486 of 550 found the following review helpful:
I've Changed my MindSep 30, 2000
Based on the very enthusiastic review from Cooks Illustrated as well as seeing most of the FoodTV chefs using and raving about this tool I bought the grater about 6 months ago.
At first I was of the same opinion as the other reviewers here. Piles of Parmigiano-Reggiano just seemed to appear after a few effortless strokes. Zest was very fine and dispersed well in recipes. I have changed my opinion of the grater on several fronts however.
Safety: After 1-2 months I noticed the teeth getting duller. It required more pressure to grate the cheese.
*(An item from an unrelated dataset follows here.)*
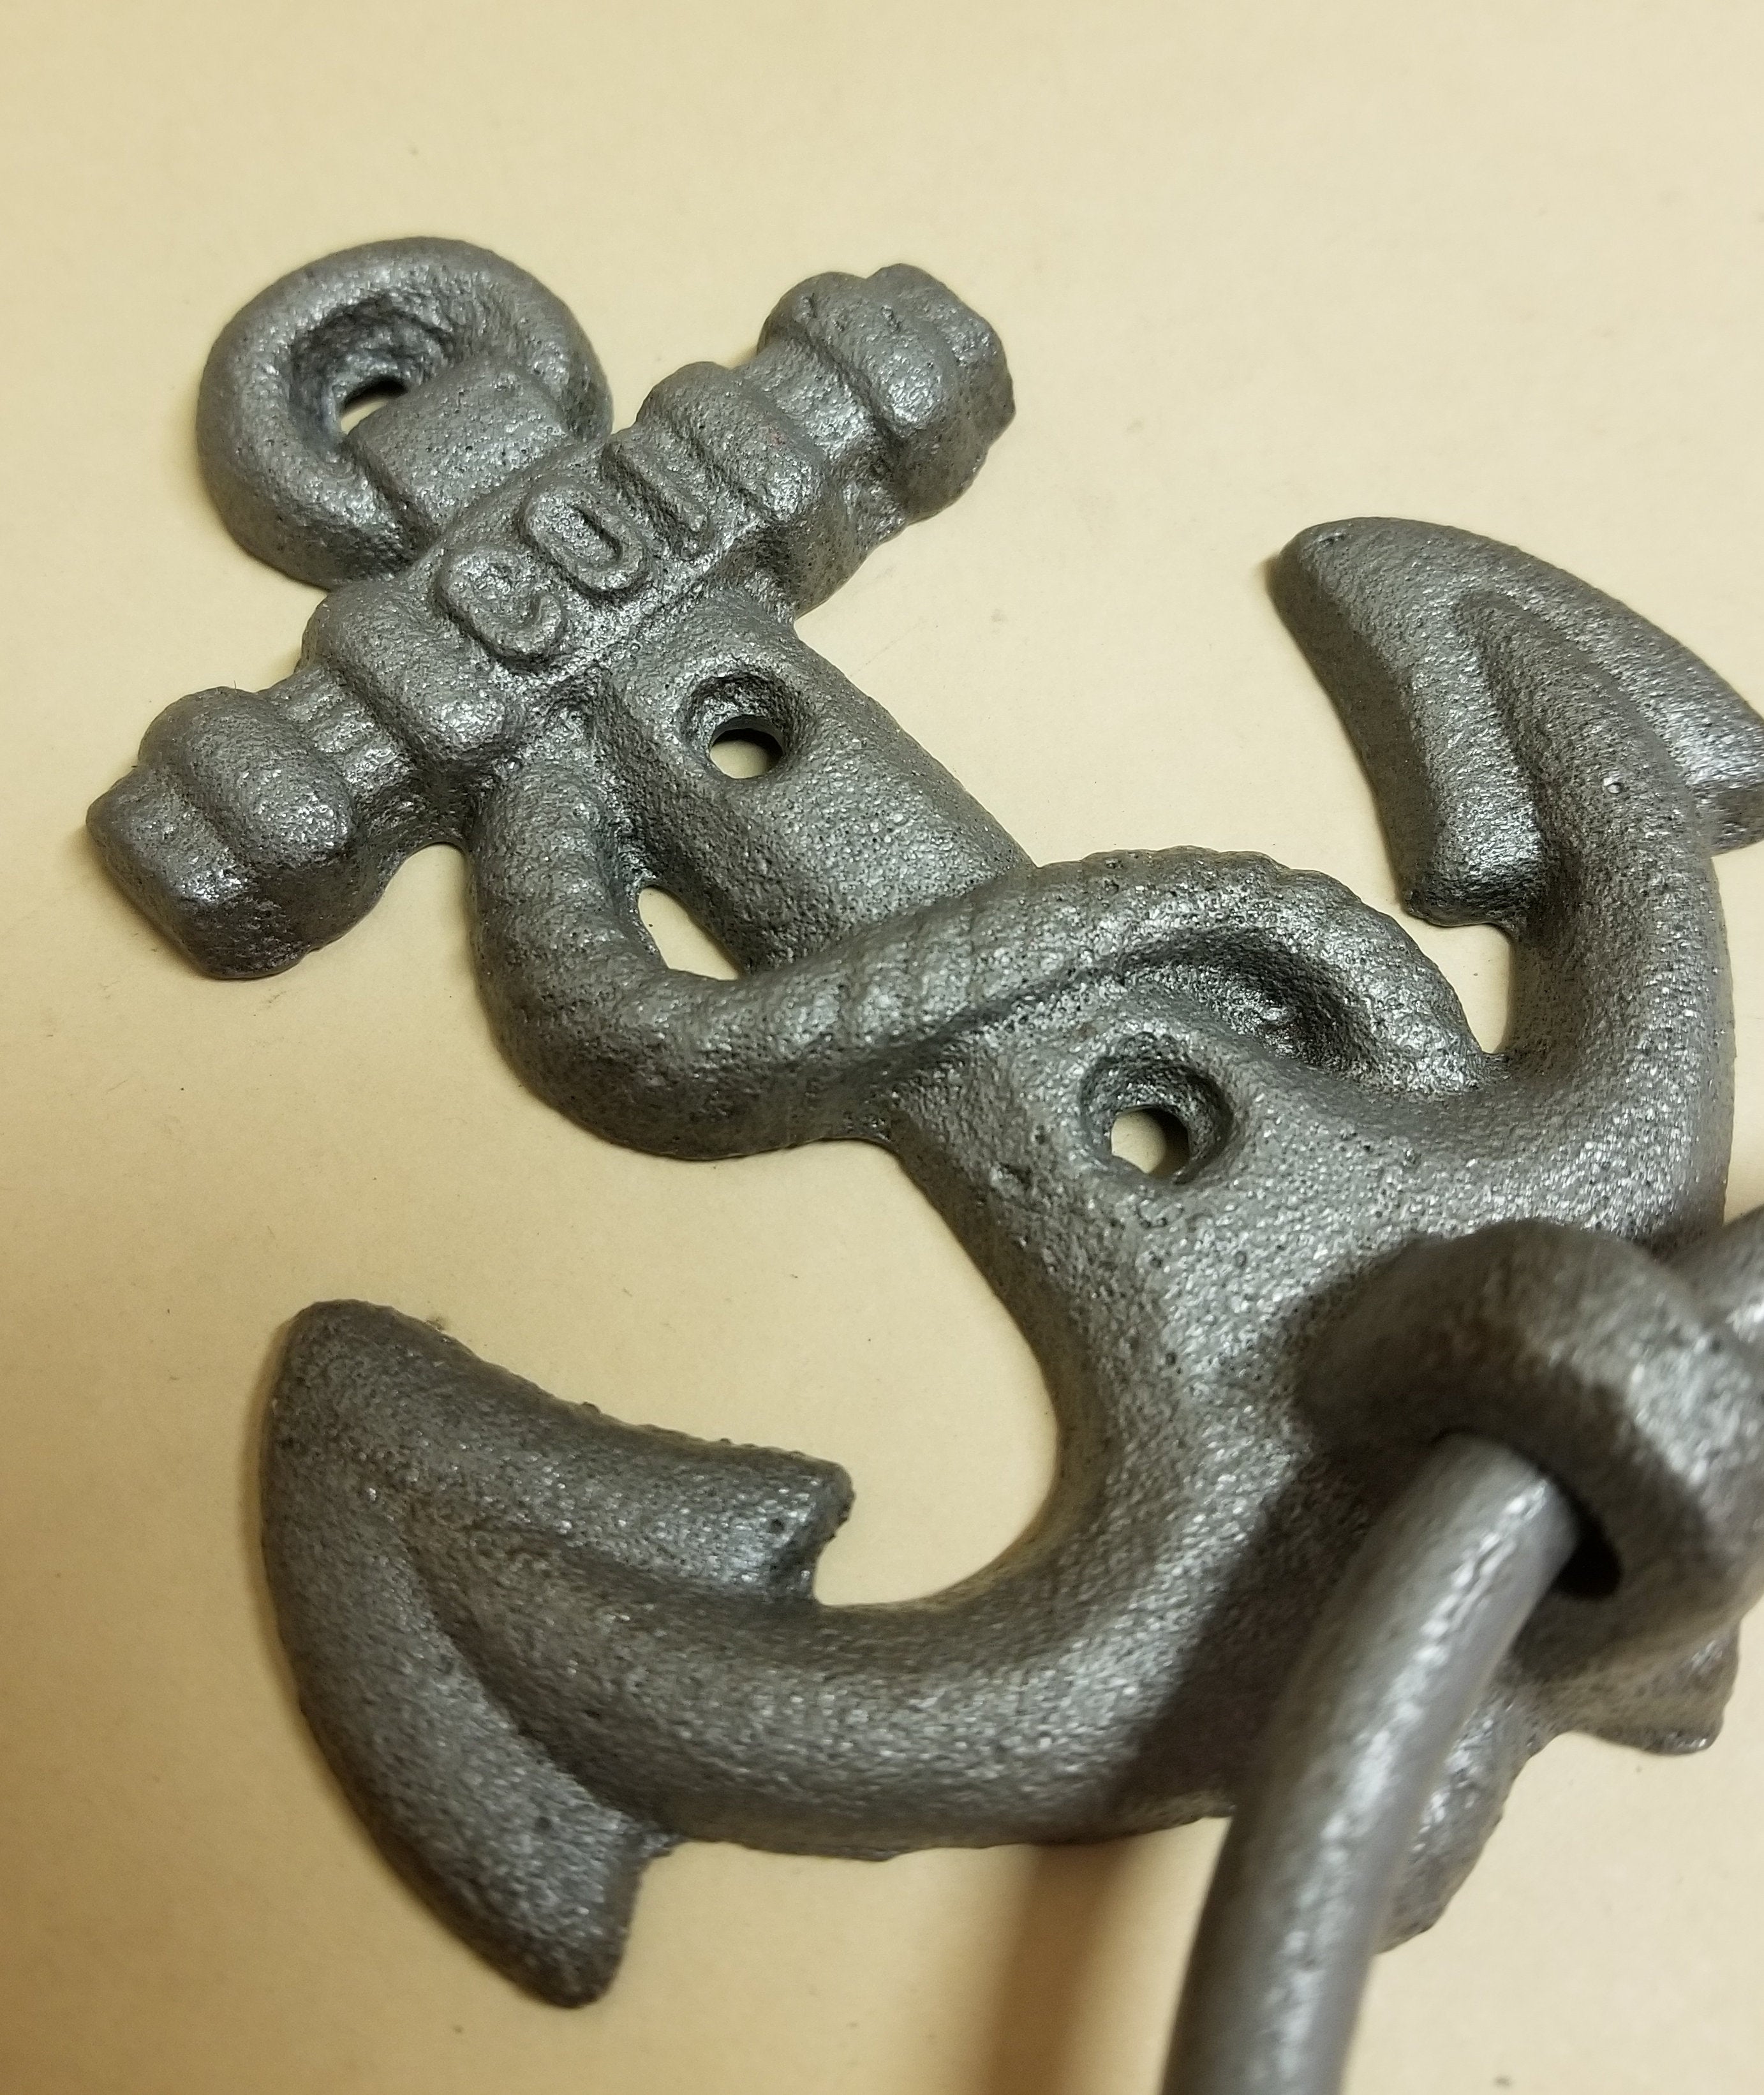 Cast Iron Anchor Towel Ring 4" Rustic Brown Wall Mount Nautical Decor bathroom accessory Carvers Olde Iron 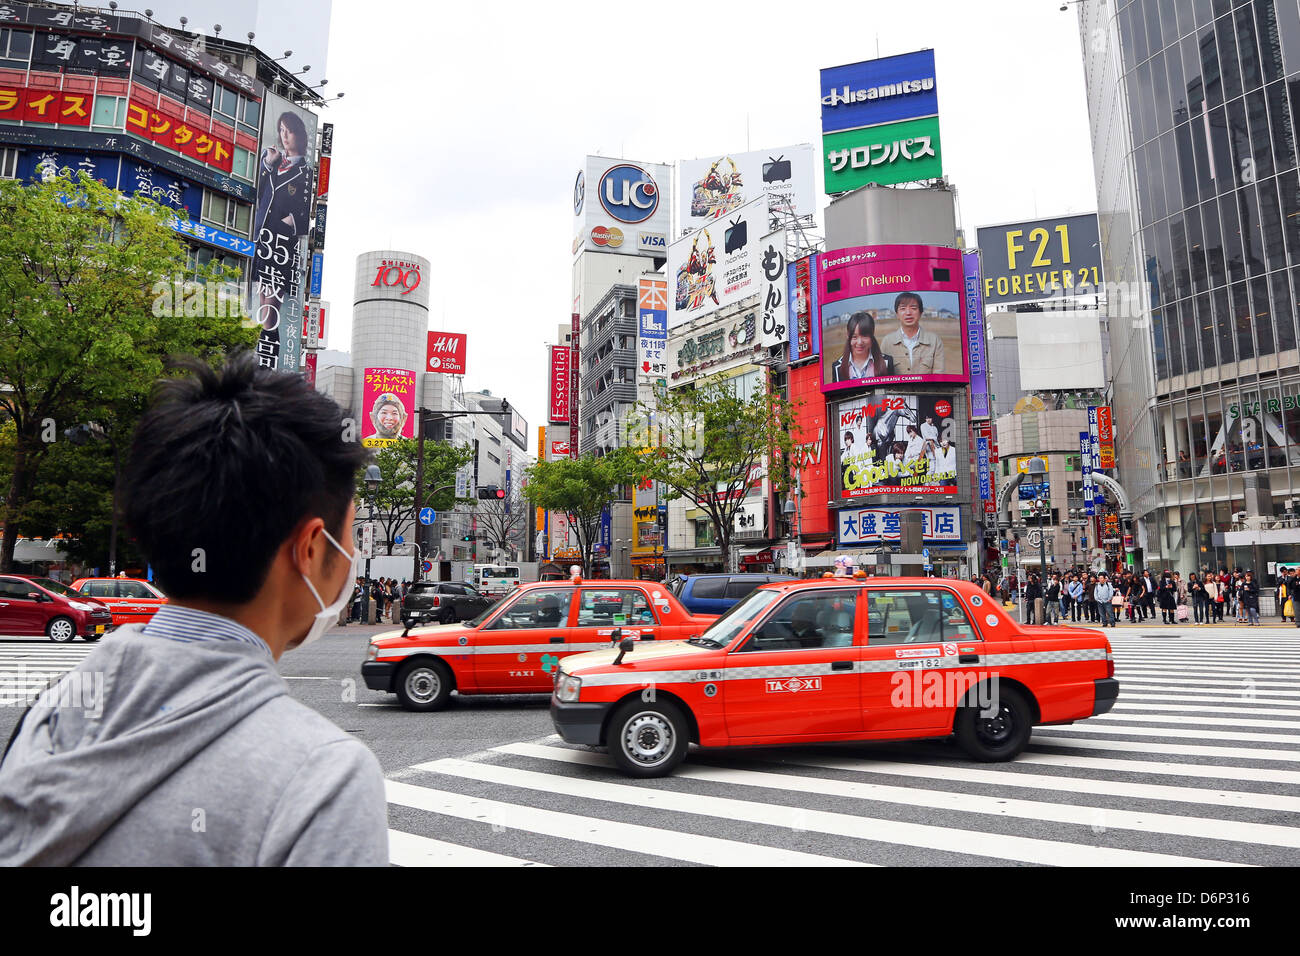 Pedestrian crossing and street scene with Japanese taxi cabs in Shibuya, Tokyo, Japan Stock Photo

With the grater being only about an inch across, barely wider than the parmesan, it is easy to have the cheese slip off and your hand come down on the grater edge. They have made the problem much worse by having the teeth wrap around the edge of the grater rather than there being a rim. If you click to see the enlarged image of the grater you can see this clearly. Why in the world would you have teeth on the edge of the tool? Sure enough I gouged the edge of my index finger deep enough that it took several days to stay closed and I thought I might need a stitch or two.
Cheese Grating: The Cooks Illustrated review touted how light and fluffy the cheese was when grated. That sounds great but does that lead to the best flavor for $18 per lb cheese? I don't think so. The amino crystals that break on your tongue of fine Parmigiano-Reggiano are destroyed. It is more like taking a bite of salted dust.
The Microplane is great as a zester but because of durability, design and safety issues I'm looking elsewhere.